Peer pressure was a powerful motivator. Yoshio Tshuchiya admitted, “I didn’t have courage at the beginning (to murder captives), but I couldn’t escape from it. I would be labelled as ‘Chicken’. So I had to do it.”63 Tshuchiya also noted that troops were taught to look down on Chinese as a lesser form of life equivalent to animals: “I felt like I was just killing animals, like pigs.”64

Toyoshige Karishima, a Taiwanese guard who accompanied POW porters on Borneo admitted to killing the many prisoners who couldn’t keep up. On occasions POWs, already sick before they started, begged to be shot.

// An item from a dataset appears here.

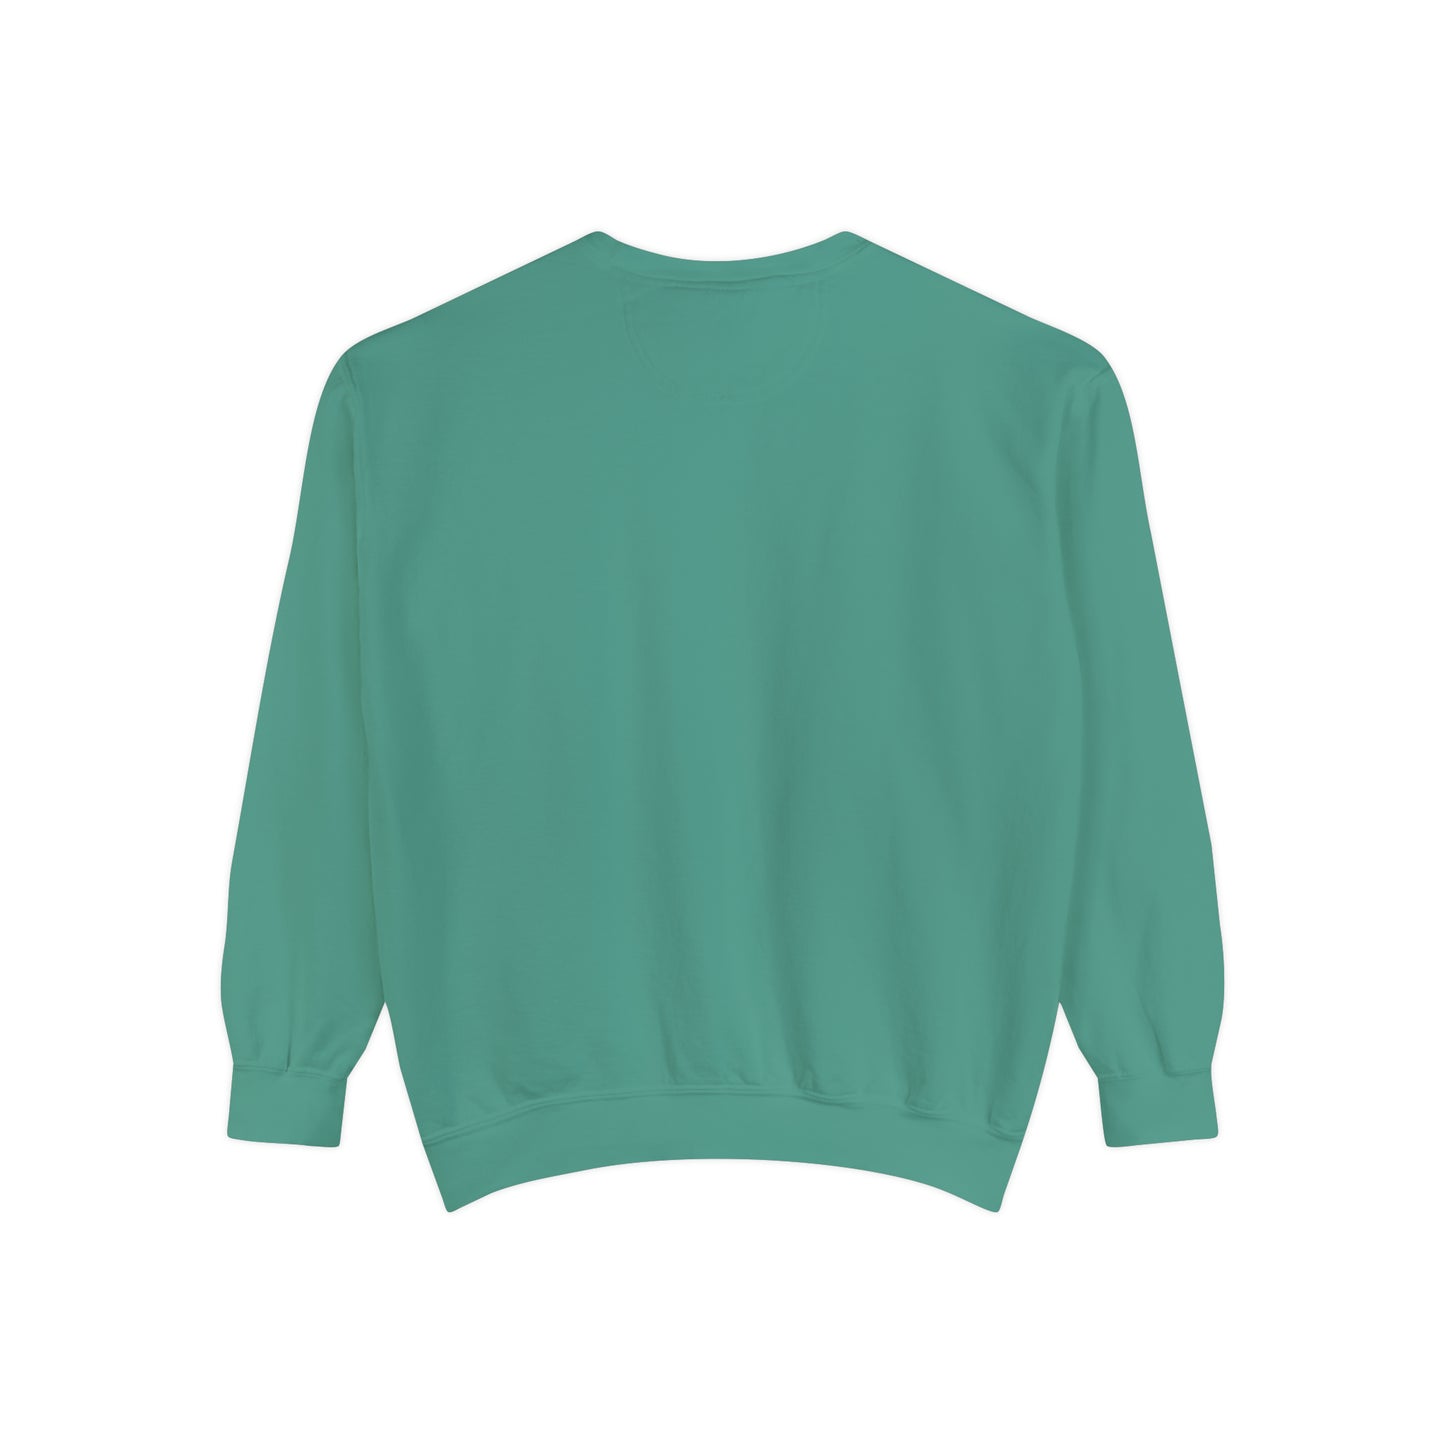 MERRY CHRISTMAS SWEATSHIRT Unisex Garment-Dyed Sweatshirt

Karishima refused to accept personal responsibility for his crimes saying, “I don’t feel guilty now about what I’ve done because in a war people cannot be normal… when we joined the Japanese Army, we were told that we were the soldiers of the Emperor and all we needed to do was to obey orders…”65 Being one of the Emperor’s soldiers did not protect Karishima. As a Taiwanese Karishima was on the lowest rung of the ladder and was himself often beaten and abused. Japanese soldiers would often be beaten themselves for showing lack of spirit. Afterwards they would be forced to apologise and to bow to their fellow soldiers. The culture of brutality was endemic in the whole system of Japanese military discipline.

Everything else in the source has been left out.